UN population projections prompt calls for population control
The report says that the global population is rising faster than anticipated in previous reports and will likely reach 9.31 billion instead of 9.15 billion by 2050. UNFPA has released plans for activities to “underline the significance of this population milestone.”
Under the guise of aiding women’s “universal access to reproductive health,” UNFPA has been promoting abortion and contraceptive availability for years, especially in the developing world, and has recently begun pushing STD vaccinations as well.
“The population projections underscore the urgent need to provide safe and effective family planning to the 215 million women who lack it,” UNFPA Executive Director, Dr. Babatunde Osotimehin emphasized.
“Small variations in fertility – when multiplied across countries and over time – make a world of difference. We must invest the resources to enable women and men to have the means to exercise their human right to determine the number and spacing of their children.”
According to the “2010 Revision of World Population Prospects,” there will be 10.1 billion people on the planet by 2100. This is the first time the UN has made predictions so far into the future. However, the report adds that if global fertility increased by a half a child per woman, that figure could reach nearly 16 billion.
While prediction figures are based on an assumption that growth will taper during the coming years, Hania Zlotnik, head of the UN economic department’s population division, said that “doesn’t seem to us as very probable at this moment,” according to the National Post.

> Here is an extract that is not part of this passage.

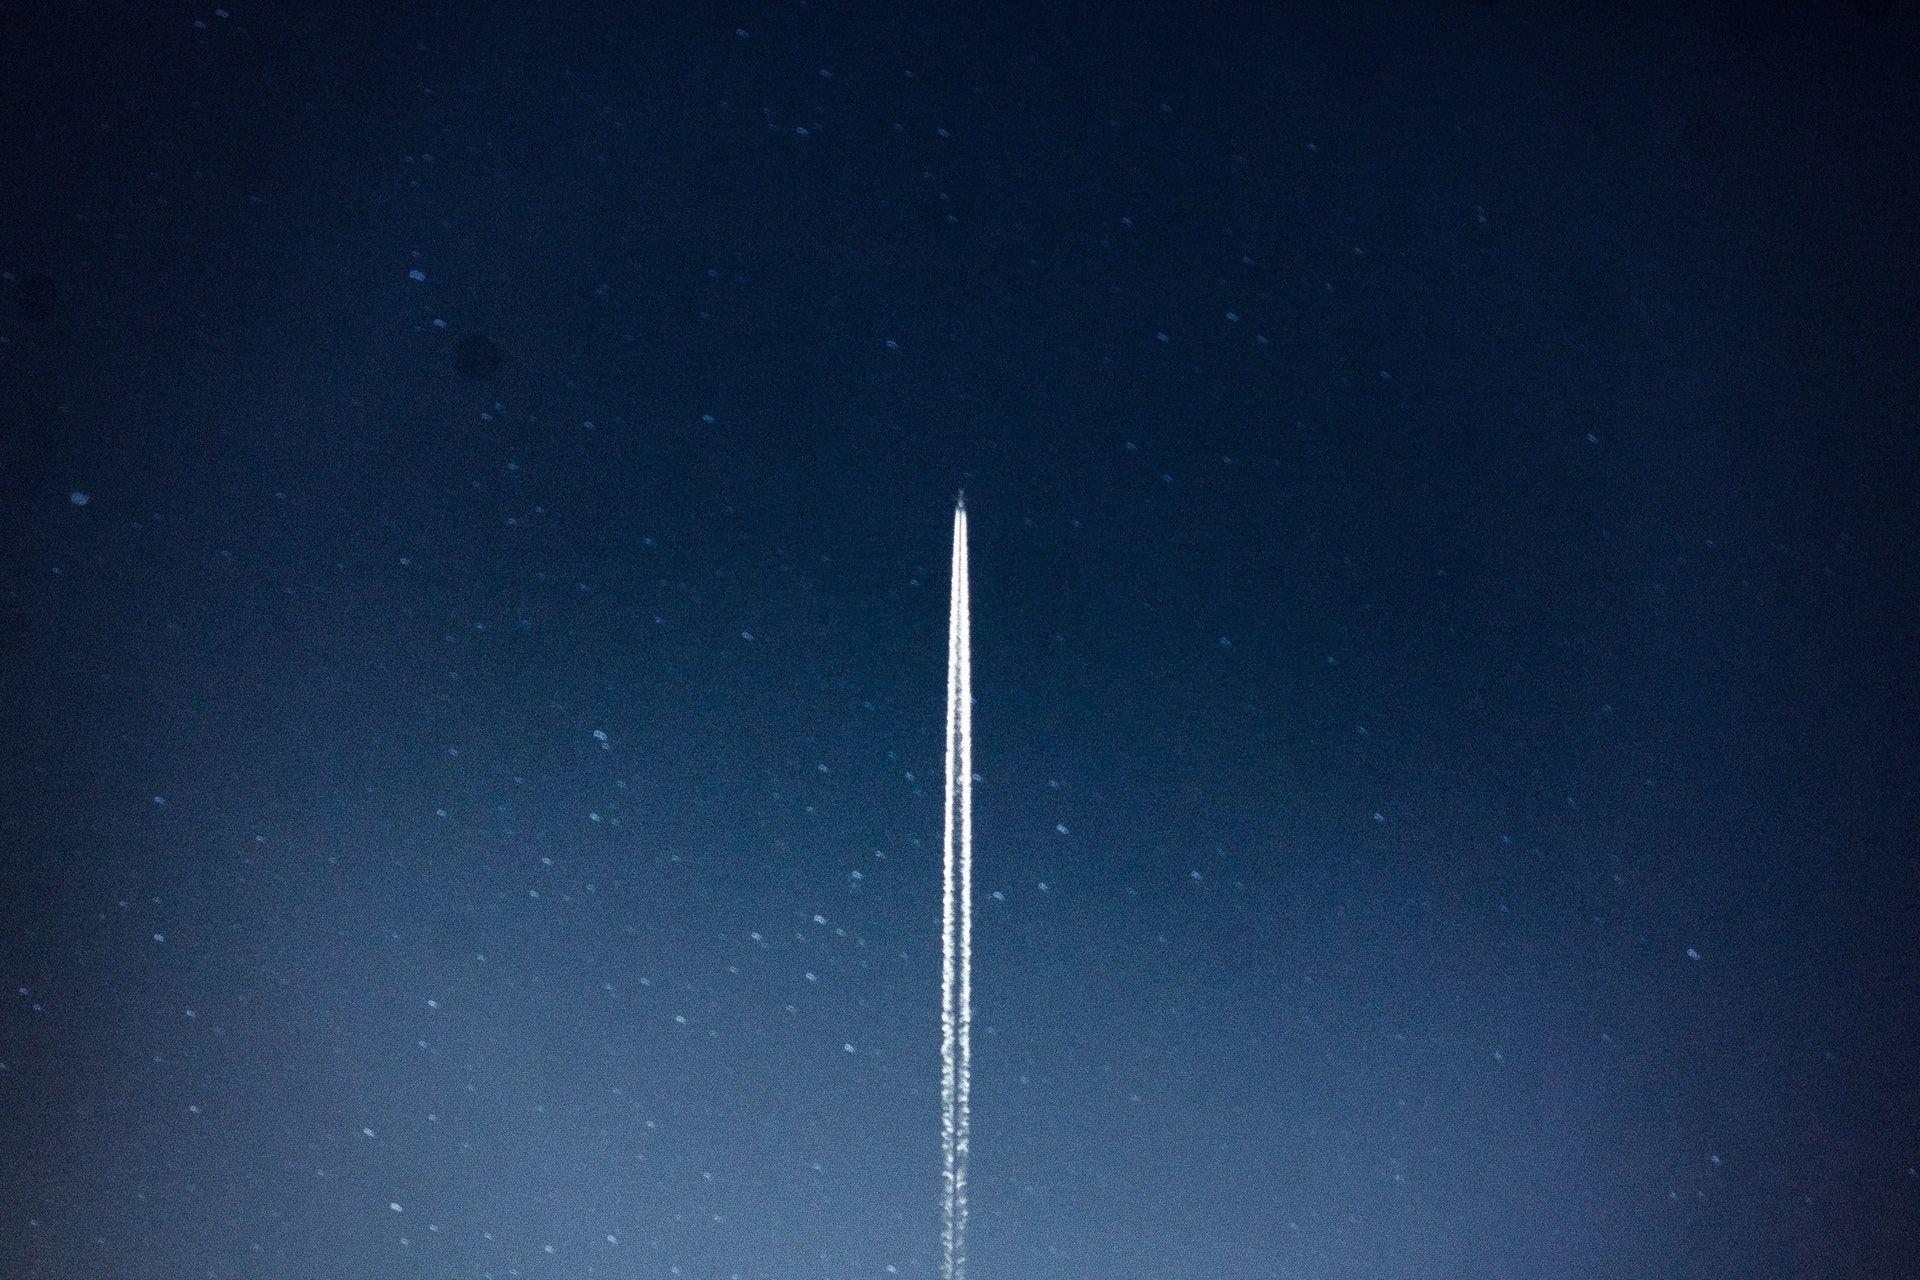 عکس زمینه شاتل فضایی در شب پس زمینه
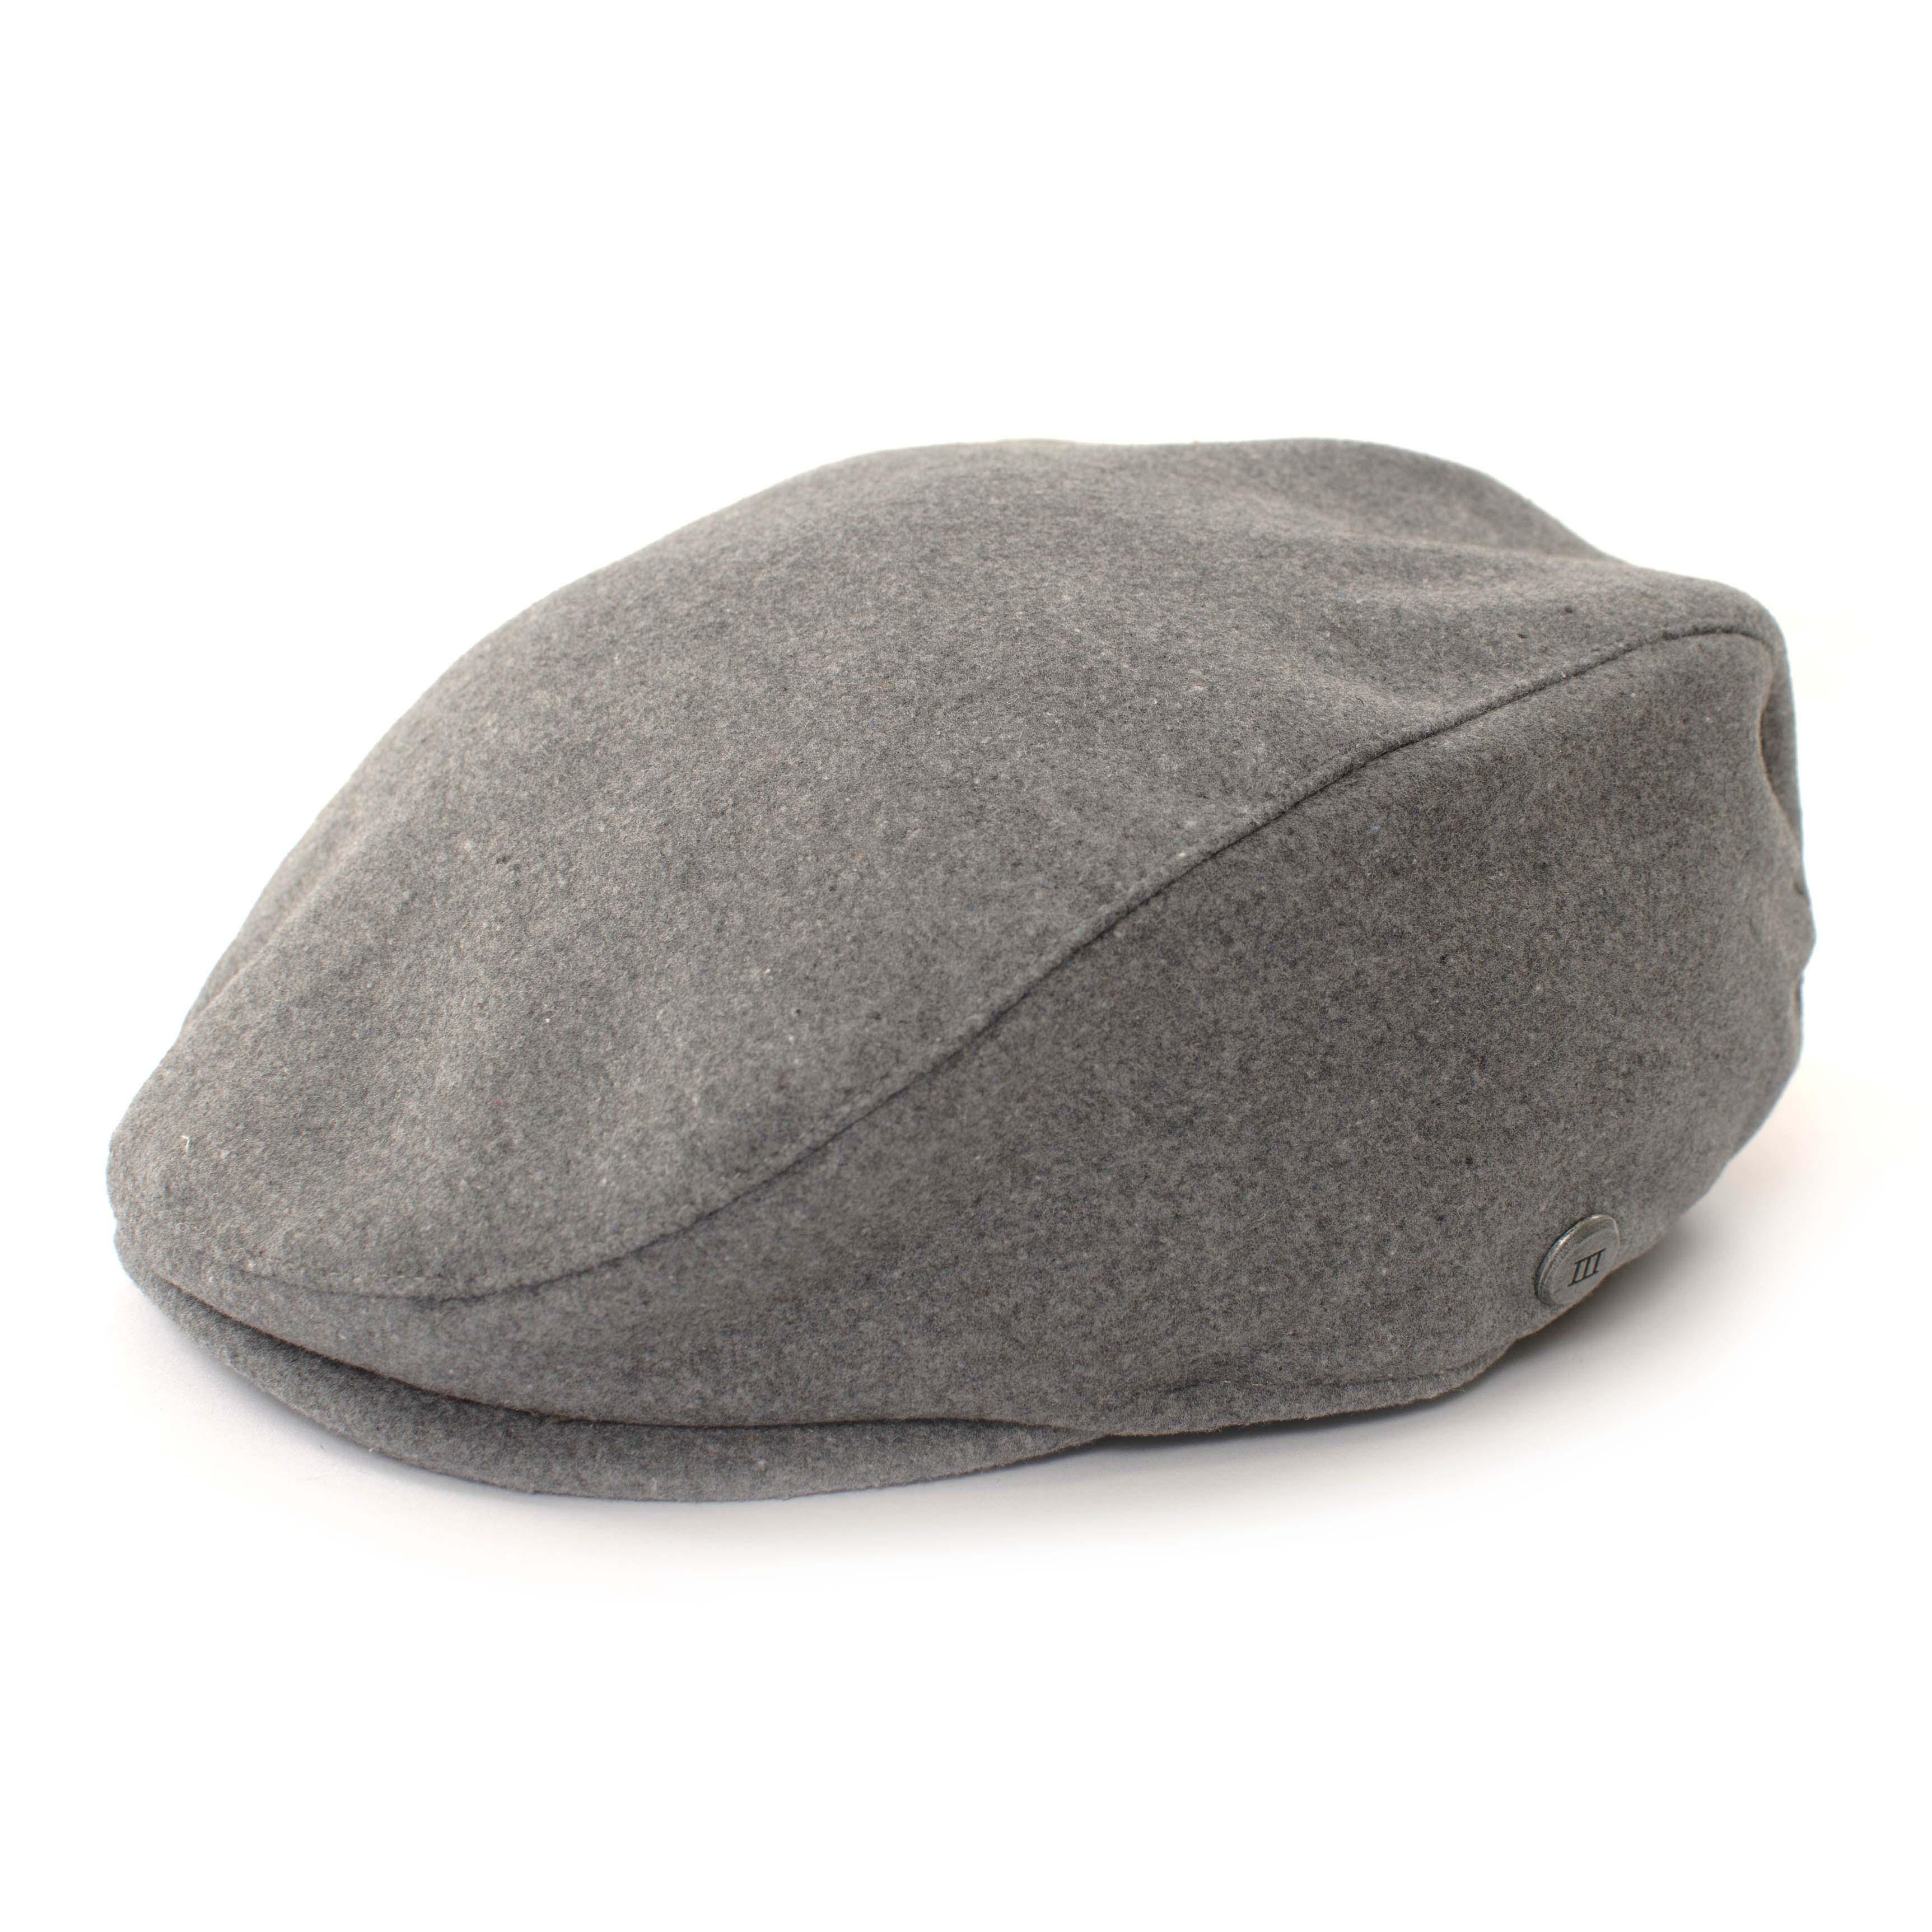 Grey flatcap in wool look

Zlotnik said the October date should be taken “with a grain of salt” because it relies on current trends that have clearly gone amiss in the past.
Suzanne Ehlers, president of Washington-based Population Action International, called the new projections “a wake-up call for governments to fulfill the global demand for contraception.”
“In developing countries around the world, millions of women want to prevent pregnancy but don’t have access to contraception,” said Ehlers. “This impacts their health, their educational opportunities, and their ability to provide for their families.”
Ehlers advocates universal “access to family planning” for “healthier lives” and “protecting our planet.”
Meanwhile, Steven Mosher, President of the Population Research Institute, takes a different view. UNFPA’s claims of women demanding contraceptives are “simply not true,” said Mosher, adding that these women instead are “crying out” for better health care for themselves and their families.
“Their cries are ignored by the population controllers at the UNFPA and elsewhere, however, who are bent not upon saving lives, but upon reducing the number of people on the planet,” said Mosher.
Demographics indicate a world better off with population growth, cited Mosher. Worldwide income, infant mortality rates, life expectancy, education level, and caloric intake have been getting dramatically better since 1800 or when there was only 1 billion people on the planet.
“The UNFPA and other population control organizations are loath to report the truth about falling fertility rates worldwide, since they raise funds by frightening people with the specter of overpopulation,” he said. “They tell us that too many babies are being born to poor people in developing countries. This is tantamount to saying that only the wealthy should be allowed to have children, and is a new form of global racism.”
“We should stop funding population control programs, and instead turn our attention to real problems like malaria, typhus, and HIV/AIDS,” concluded Mosher. “Baby Seven Billion, boy or girl, red or yellow, black or white, is not a liability, but an asset. Not a curse, but a blessing. For all of us.”